UmpBump Wages War on the Chinese Government
We UmpBump writers have a gripe with the Chinese government and their banning of American baseball websites. First, it was FireJoeMorgan. Then, Joe Posnanski met this fate. So we have a question for you, Mr. and Mrs. Chinese Government. Where’s our ban? We want to be censored! Nay, we demand to be censored, damn it!
So with this in mind, and to also commemorate the retirement of Mr. Furman Bisher from the Atlanta Journal Constitution, we present to you our attempt at getting banned in China.

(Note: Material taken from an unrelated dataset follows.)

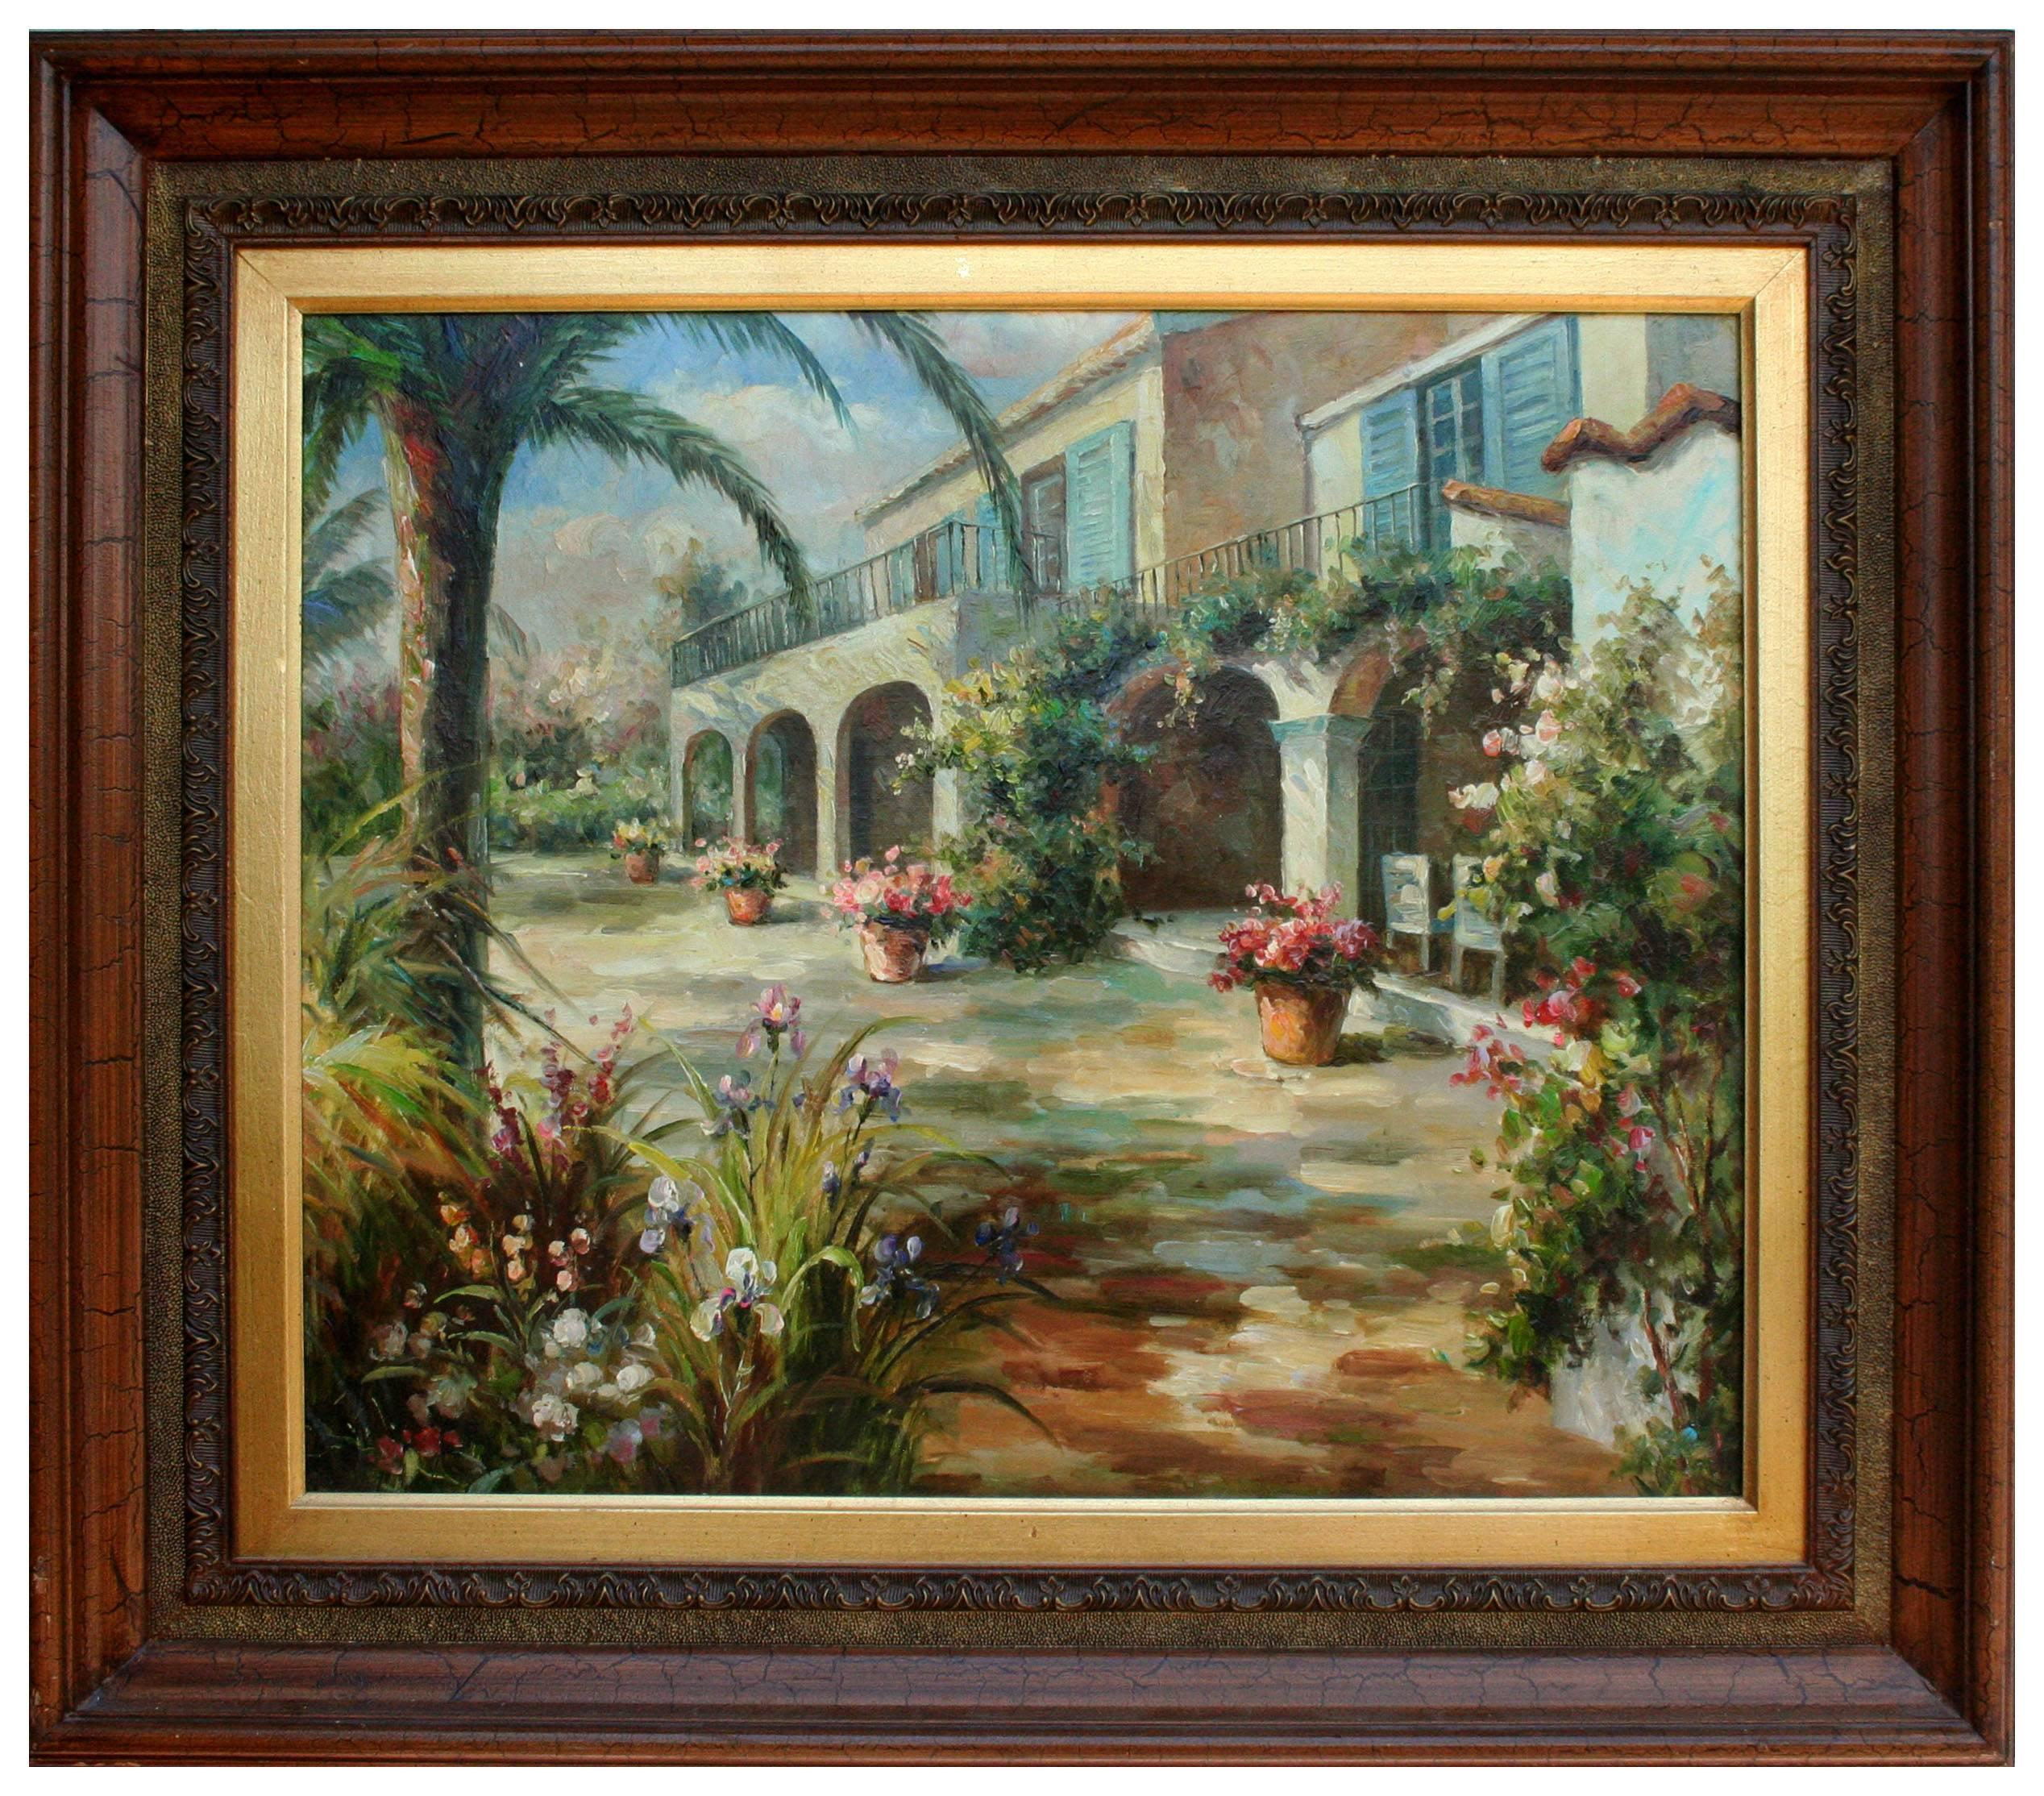 Palm Beach Home Garden Landscape

And really, how could this NOT work?
I Like Things I Remember
By Fur-man “Shu” Bisher
Baseball used to be a game played with nine men to a side, two managers, four umpires, seven iron maidens, thirteen Papua New Guinean prostitutes, an ostrich, and the American players always played in America, as long as they were white Americans, except for those times when the Blue Jays and Expos played, or when the Expos played in Puerto Rico, or when the MLB All Stars went to Japan in 1934 with the Bad News Bears. Come to think of it now, that would be sort of like some old-timey analogy that no one understands but I’m going to use right now. But the American players had a deal, see.

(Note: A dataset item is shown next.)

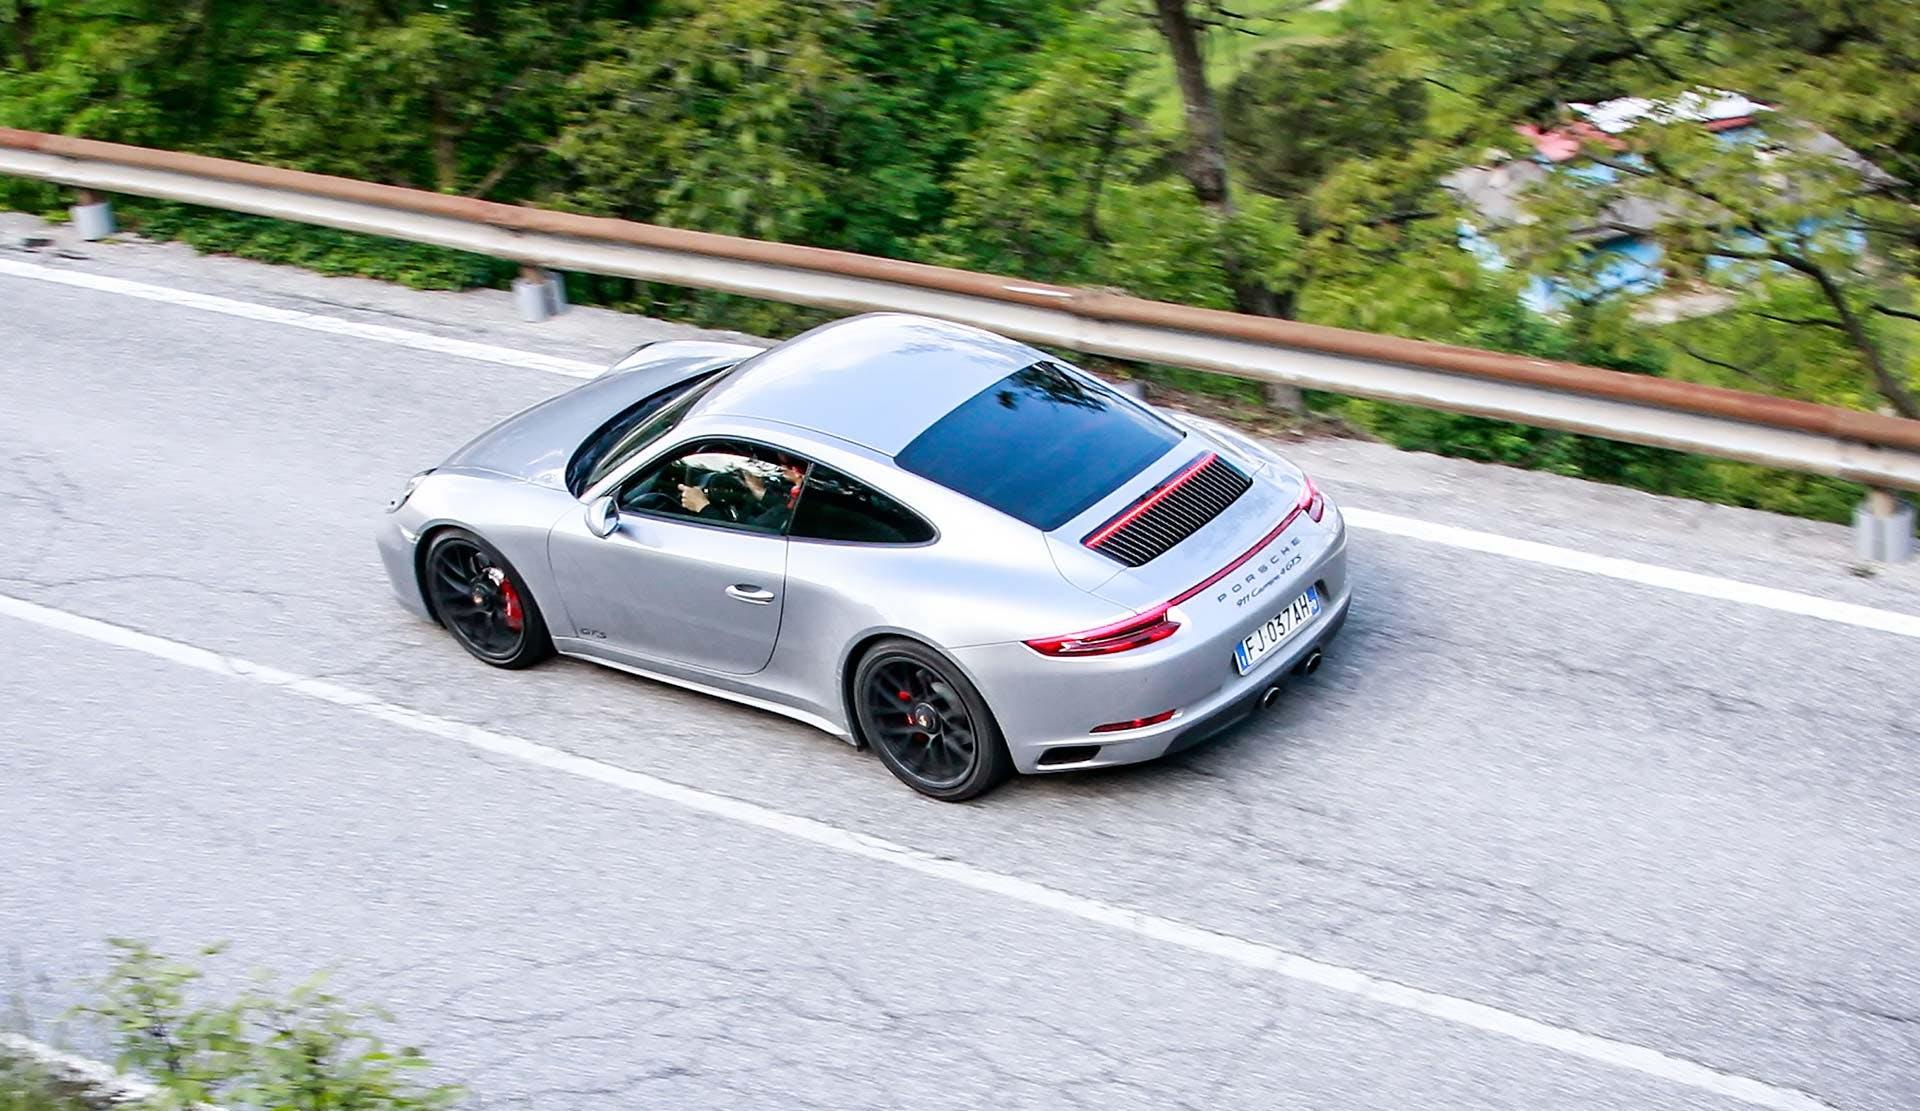 Porsche 911 GTS Grigia movimento dall'alto

Well, not any longer. Giving up the great policy that was isolationism can change any habit. As I write this, our boys are getting ready to play a baseball game. Guess where? China. That China, the guys that gave us the Yellow Turban Rebellion in the second century. Some people don’t like you to bring that up, this new idea of “the Olympics” is so hot. But I’ve got a long memory. I saw what a few Chinese peasants can do to the Han dynasty.
Oh, well, ‘scuse me. It’s just tough to get away from it when you turn on your TV in the morning and see Chinese Olympic security forces menacingly riding segway scooters to prepare for a possible uprising. It’s AD 184 all over again, I say.
I remember as if it were only 400 years ago when the Yellow Turbans defeated Zhu Jun and the Imperial Army. China was more heptadecagonally-shaped then. Now, hurlers are called “pitchers” and they throw things called “curveballs” and “change ups”. Is that Hee Seop Choi boy from China? At least I can still sleep wearing a onesie.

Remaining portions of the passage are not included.